Naar deze toelichting leert, wilde de wet van 1908 geen onderscheid maken tussen de eigenlijke inbreng en de inbreng tegen overname van schuld. De bepalingen der wet van 1908 zijn van veel invloed geweest op die van de wet van 1917. Uit niets blijkt dat men op dit punt van beginsel heeft willen veranderen. Integendeel, art. 49 lid 1, zoals het in 1917 luidde, bepaalde dat, indien storting plaats heeft door inbreng van andere zaken dan geld, het recht (dit is dat van art. 46) verschuldigd is over de verkoopwaarde dier zaken na aftrek van de schulden of verplichtingen, welke door de vennootschap worden overgenomen.
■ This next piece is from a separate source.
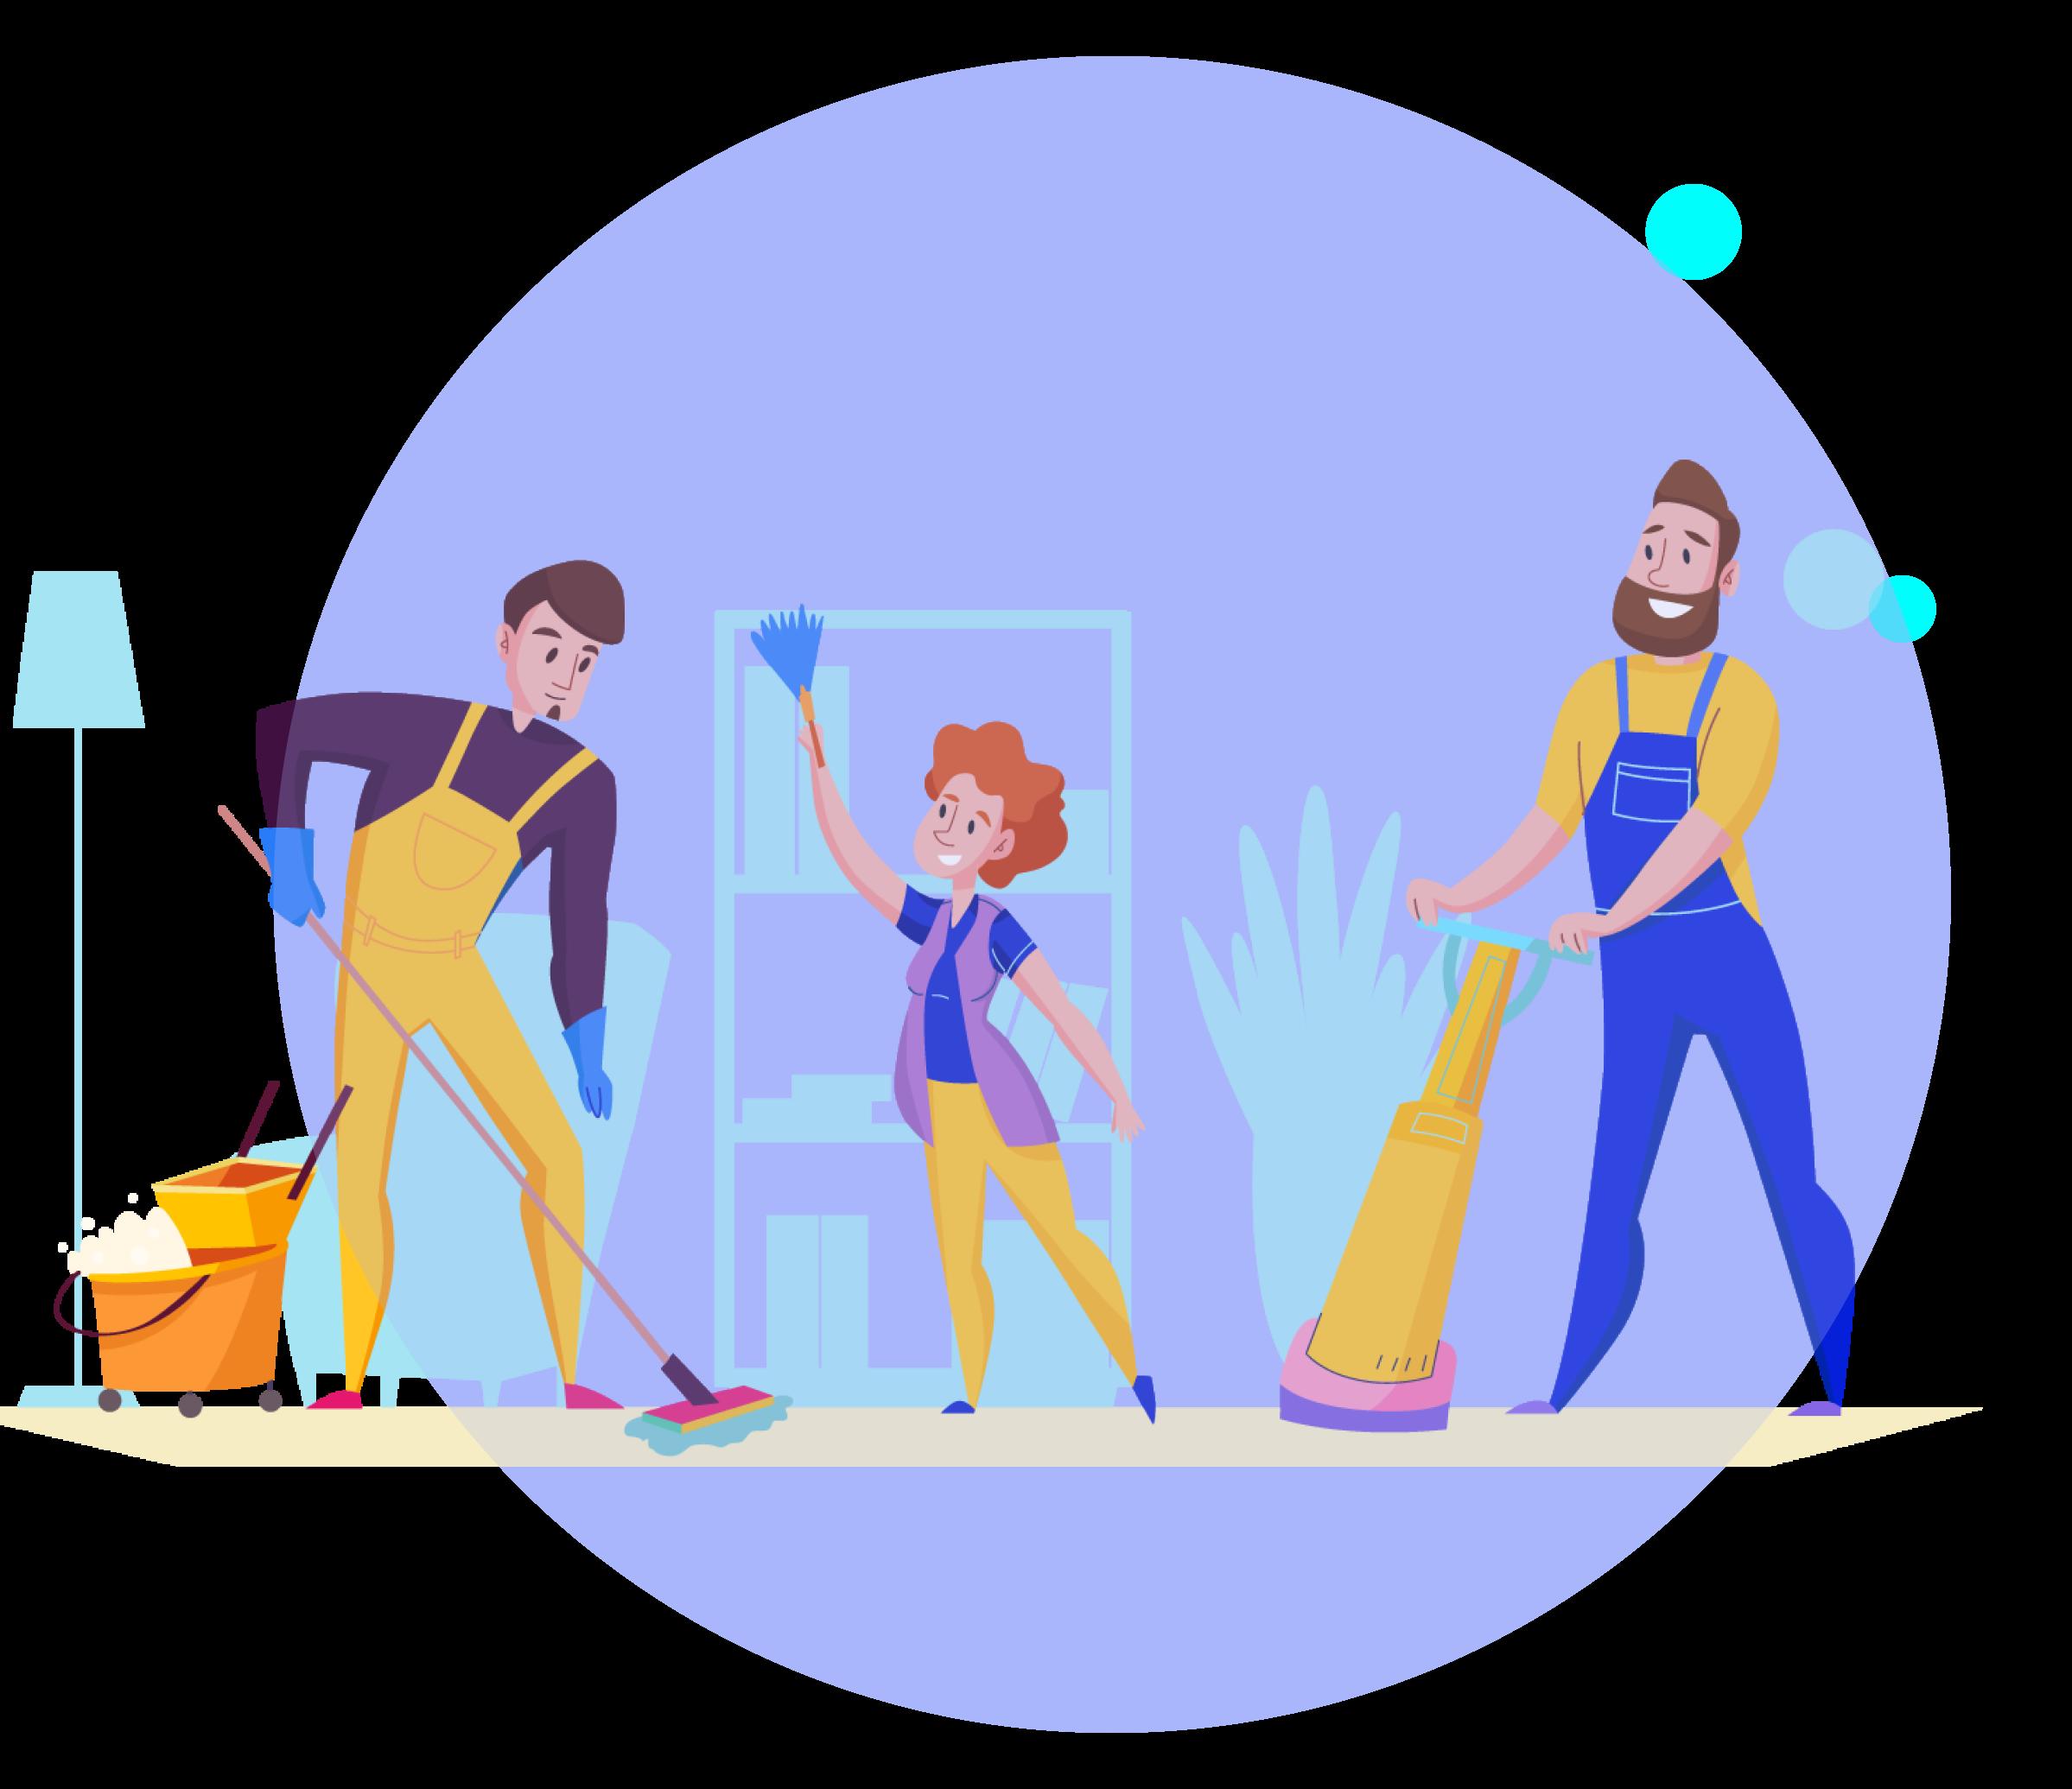 Illustration team ménage sur fond bleu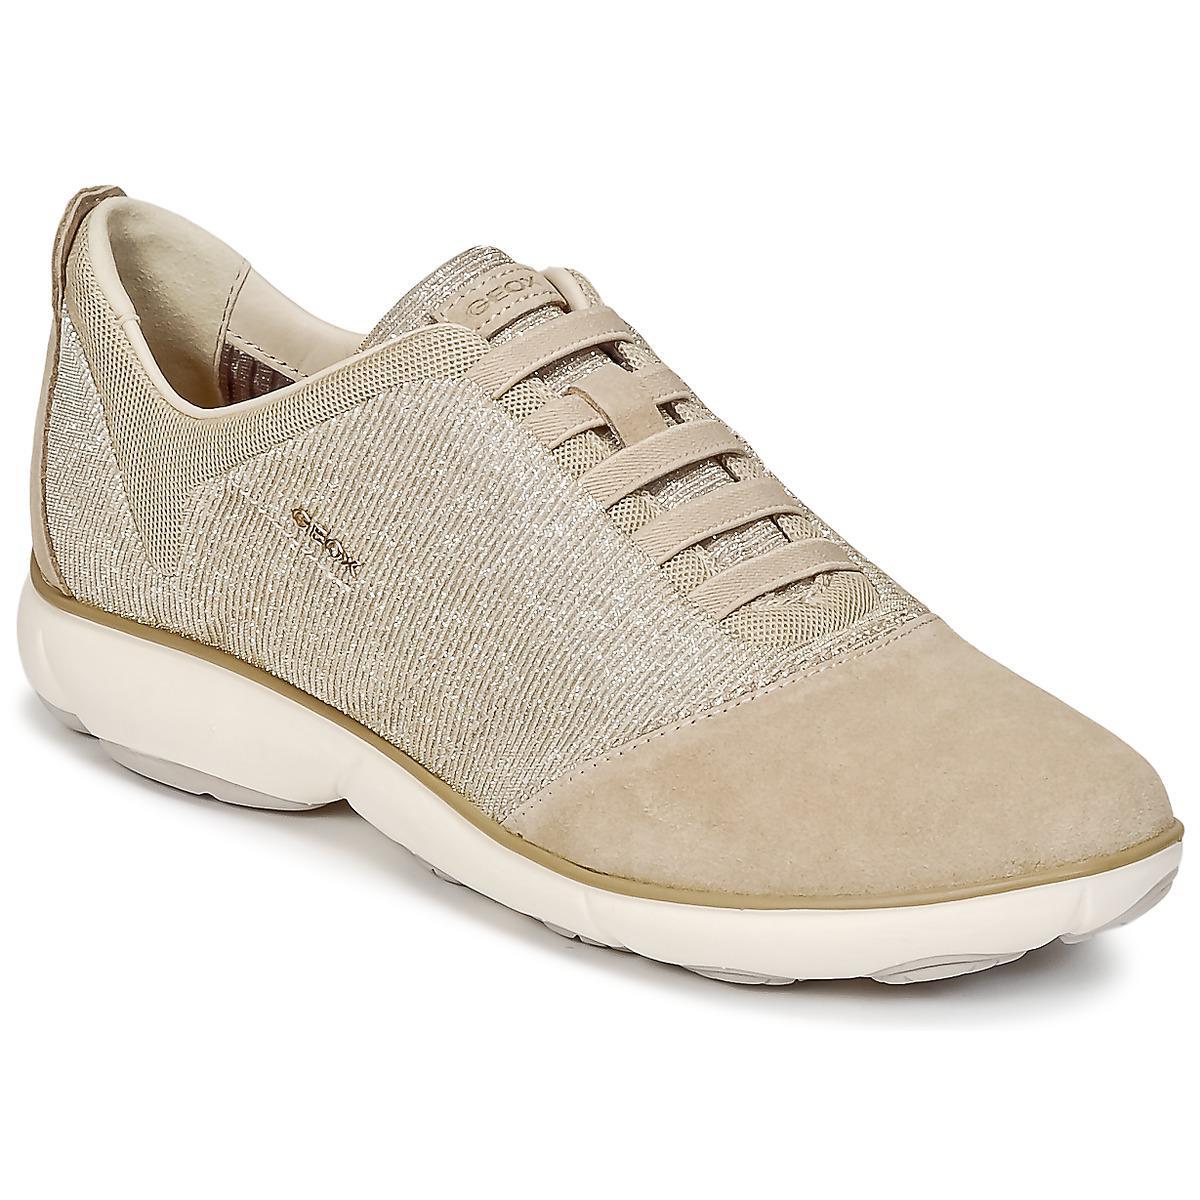 e8817e7c60c88 Geox D Nebula G Women s Shoes (trainers) In Beige in Natural - Lyst

En naar het tweede lid van dat artikel voorschrijft, wordt, als in de inbreng onroerende zaken zijn begrepen, "het recht" geheven over niet minder dan de verkoopwaarde dier zaken. Kennelijk beschouwt de wet dus hier de zaken, welke overgaan tegen overneming van schuld, als ingebracht. Immers "het recht" - d.i. dat van art. 46 - moet worden geheven, en niet het overdrachtsrecht van art. 27, indien het vast goed betreft.
Ook de bepaling van art. 49 lid 2, welke gebiedt, voorzover een in haar geheel ingebrachte onderneming betreft, het recht te heffen over het saldo daarvan, al behoren er vaste goederen tot de baten, is in strijd met het karakter van het overdrachtsrecht.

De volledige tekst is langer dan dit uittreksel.